Each line in the records below, from the one that contains "RX7185 Unisex Square Eyeglasses - Gray" to the one that contains "Princesa alba_foro indie rocks", should be reproduced exactly, the first and last included.

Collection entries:
================================
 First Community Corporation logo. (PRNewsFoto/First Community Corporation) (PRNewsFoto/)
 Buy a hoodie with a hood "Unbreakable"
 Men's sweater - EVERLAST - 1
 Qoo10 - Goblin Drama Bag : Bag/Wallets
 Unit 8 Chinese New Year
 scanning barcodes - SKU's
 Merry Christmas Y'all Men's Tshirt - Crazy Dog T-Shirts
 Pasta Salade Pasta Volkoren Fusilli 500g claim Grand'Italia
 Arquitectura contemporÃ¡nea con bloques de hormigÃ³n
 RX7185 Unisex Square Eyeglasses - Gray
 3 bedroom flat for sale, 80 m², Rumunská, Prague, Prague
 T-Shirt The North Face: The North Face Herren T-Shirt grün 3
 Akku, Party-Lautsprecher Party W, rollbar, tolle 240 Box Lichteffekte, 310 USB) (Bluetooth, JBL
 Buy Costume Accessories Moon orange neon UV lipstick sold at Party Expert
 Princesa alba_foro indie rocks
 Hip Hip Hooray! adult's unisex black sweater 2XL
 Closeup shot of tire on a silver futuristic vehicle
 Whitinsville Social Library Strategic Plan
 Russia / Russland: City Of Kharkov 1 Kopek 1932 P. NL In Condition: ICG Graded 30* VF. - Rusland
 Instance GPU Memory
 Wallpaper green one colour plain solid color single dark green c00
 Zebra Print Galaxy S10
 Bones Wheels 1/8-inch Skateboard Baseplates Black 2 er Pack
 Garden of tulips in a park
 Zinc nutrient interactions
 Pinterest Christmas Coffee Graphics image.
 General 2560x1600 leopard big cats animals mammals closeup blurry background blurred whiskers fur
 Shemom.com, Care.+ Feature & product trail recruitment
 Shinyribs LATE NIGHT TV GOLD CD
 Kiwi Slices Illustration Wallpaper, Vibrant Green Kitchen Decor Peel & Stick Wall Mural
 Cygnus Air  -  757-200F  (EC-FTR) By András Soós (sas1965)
================================
▶ [TASK SOLUTION]:
 RX7185 Unisex Square Eyeglasses - Gray
 3 bedroom flat for sale, 80 m², Rumunská, Prague, Prague
 T-Shirt The North Face: The North Face Herren T-Shirt grün 3
 Akku, Party-Lautsprecher Party W, rollbar, tolle 240 Box Lichteffekte, 310 USB) (Bluetooth, JBL
 Buy Costume Accessories Moon orange neon UV lipstick sold at Party Expert
 Princesa alba_foro indie rocks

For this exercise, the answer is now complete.